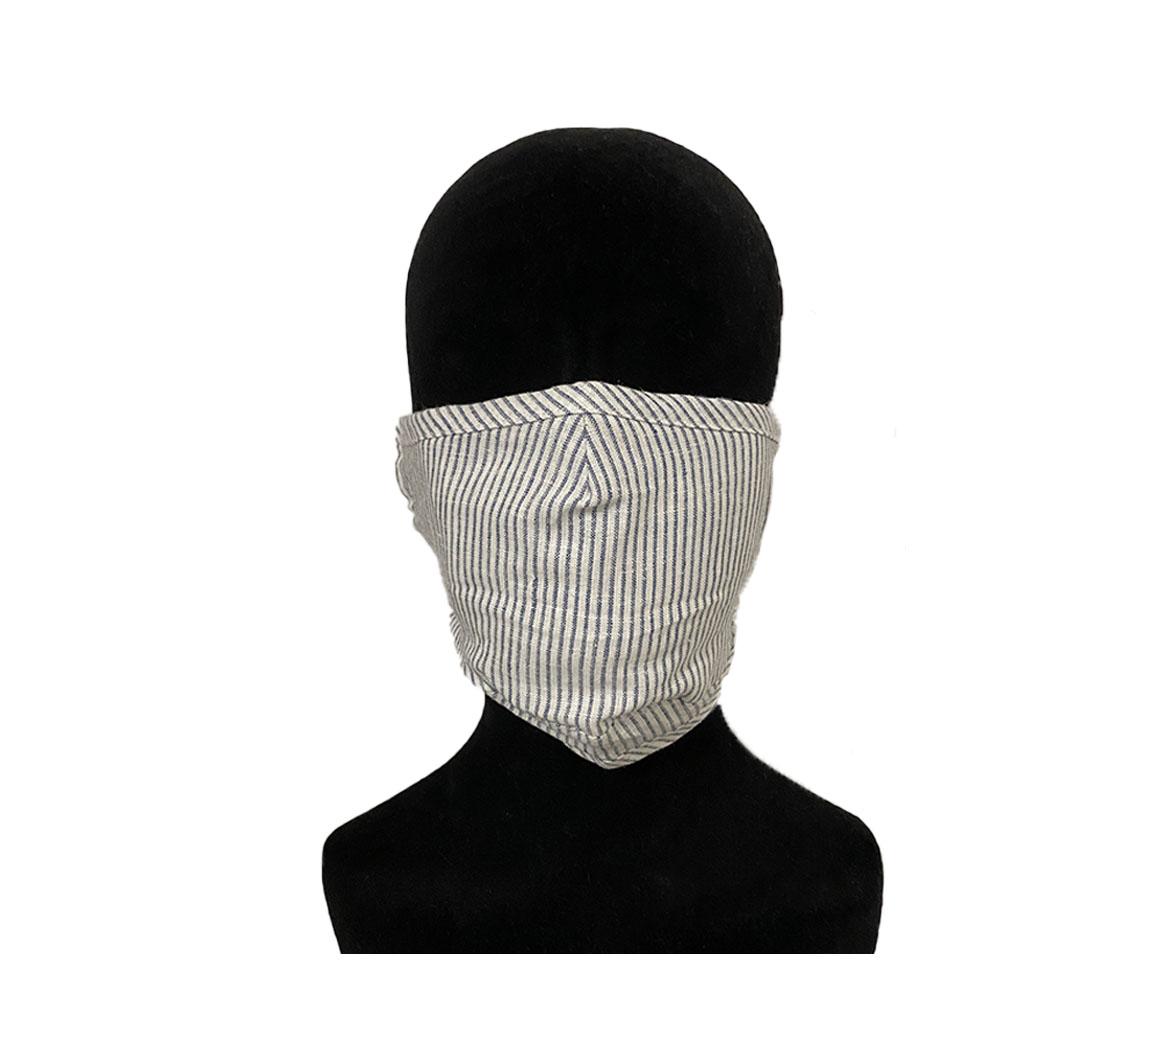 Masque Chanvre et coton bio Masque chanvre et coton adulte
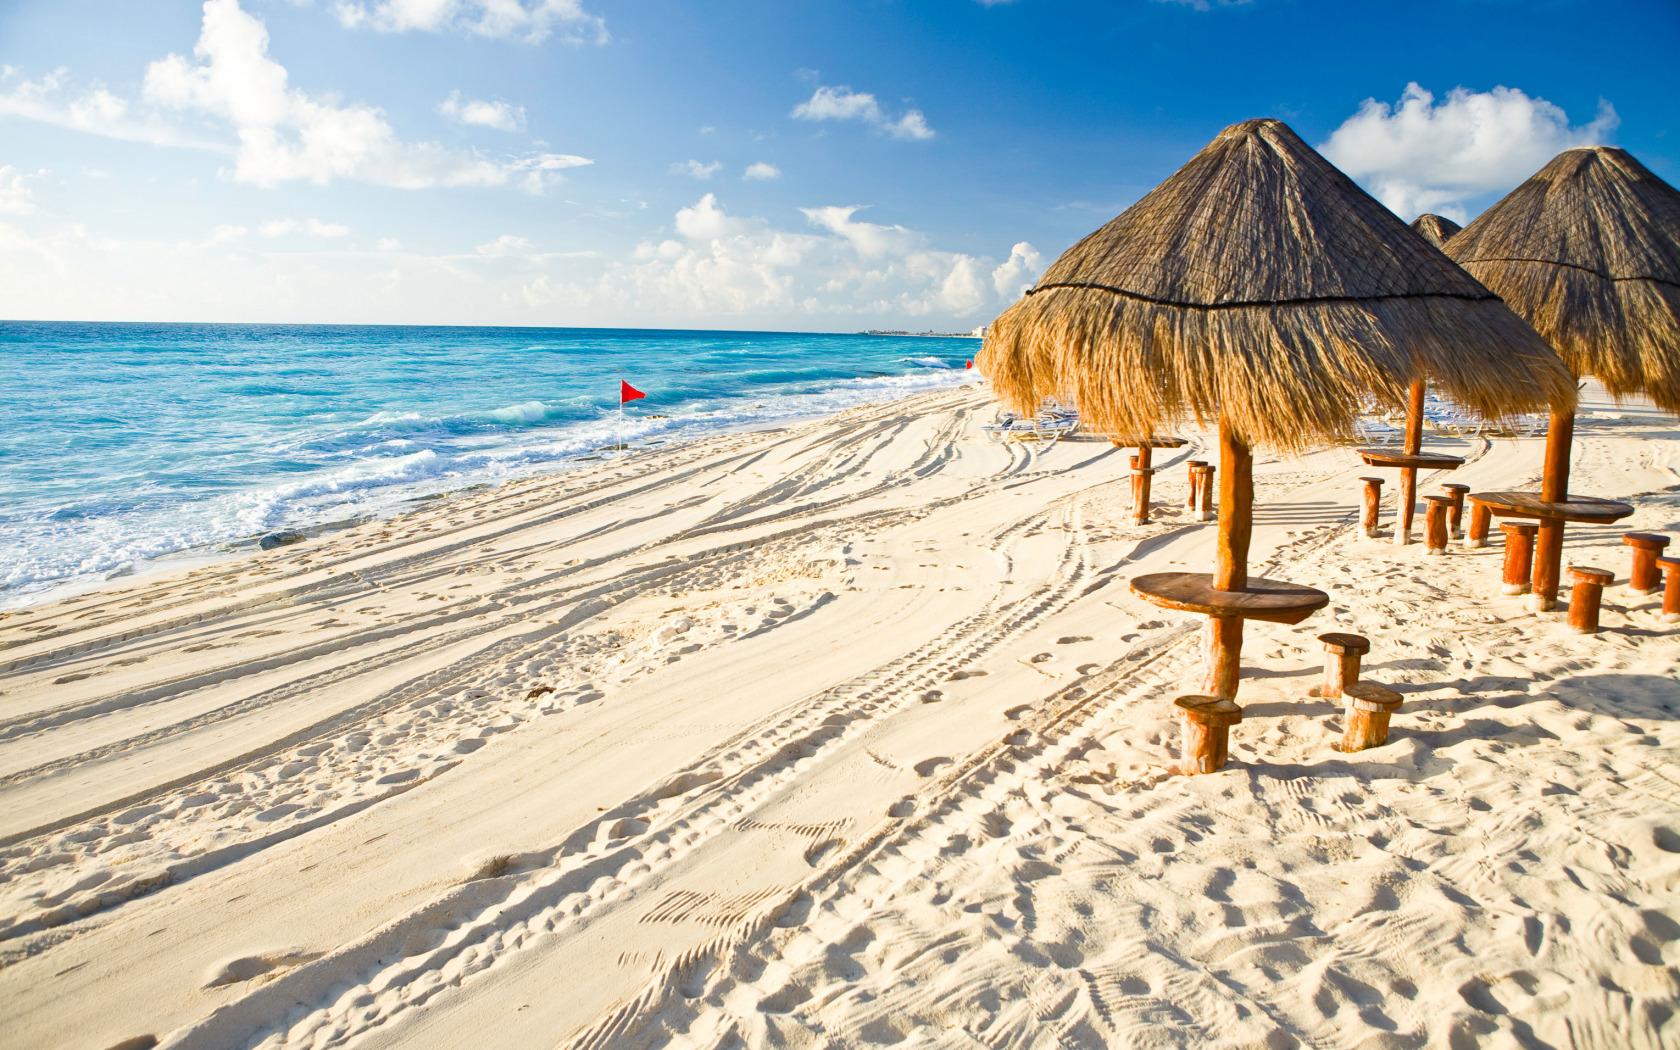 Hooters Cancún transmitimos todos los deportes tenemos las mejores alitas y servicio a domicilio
• • • • •
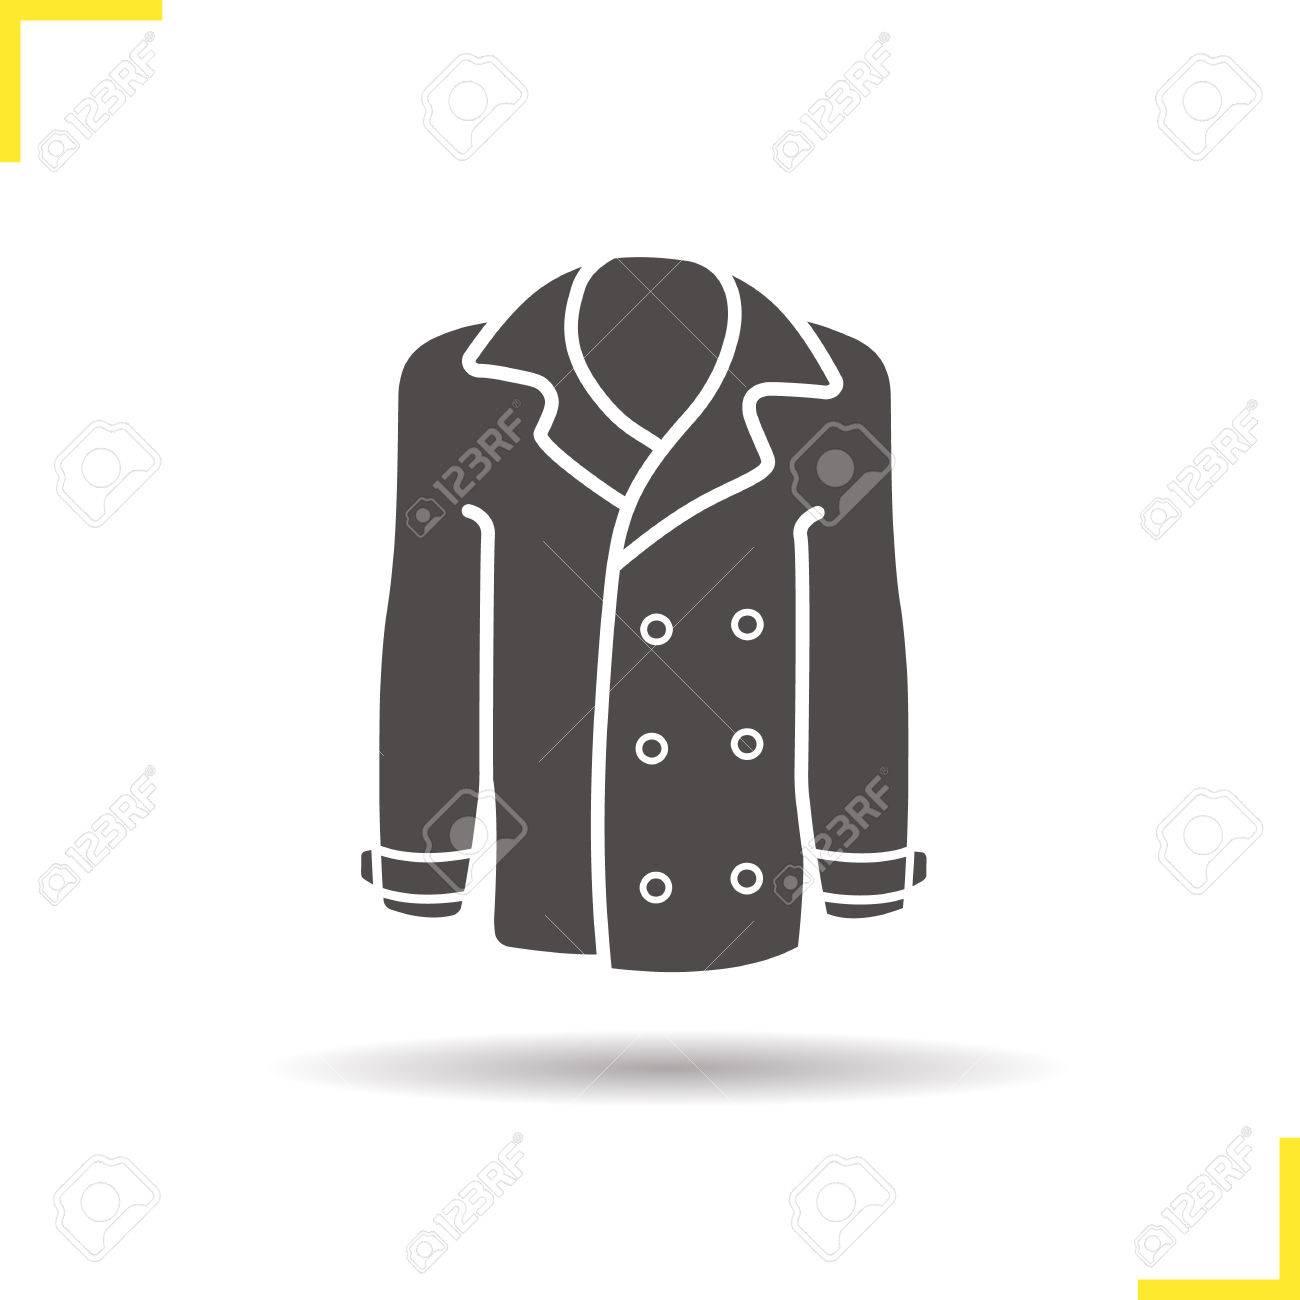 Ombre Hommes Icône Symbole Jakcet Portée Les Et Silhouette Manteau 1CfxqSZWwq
• • • • •
--- Work to complete ---
In the listing above, find the line with "Masque Chanvre et coton bio" and the line with "Hooters Cancún transmitimos". Transcribe those two and everything between, exactly, leaving out pictures.

--- Exercise solution ---
 Masque Chanvre et coton bio Masque chanvre et coton adulte
 Hooters Cancún transmitimos todos los deportes tenemos las mejores alitas y servicio a domicilio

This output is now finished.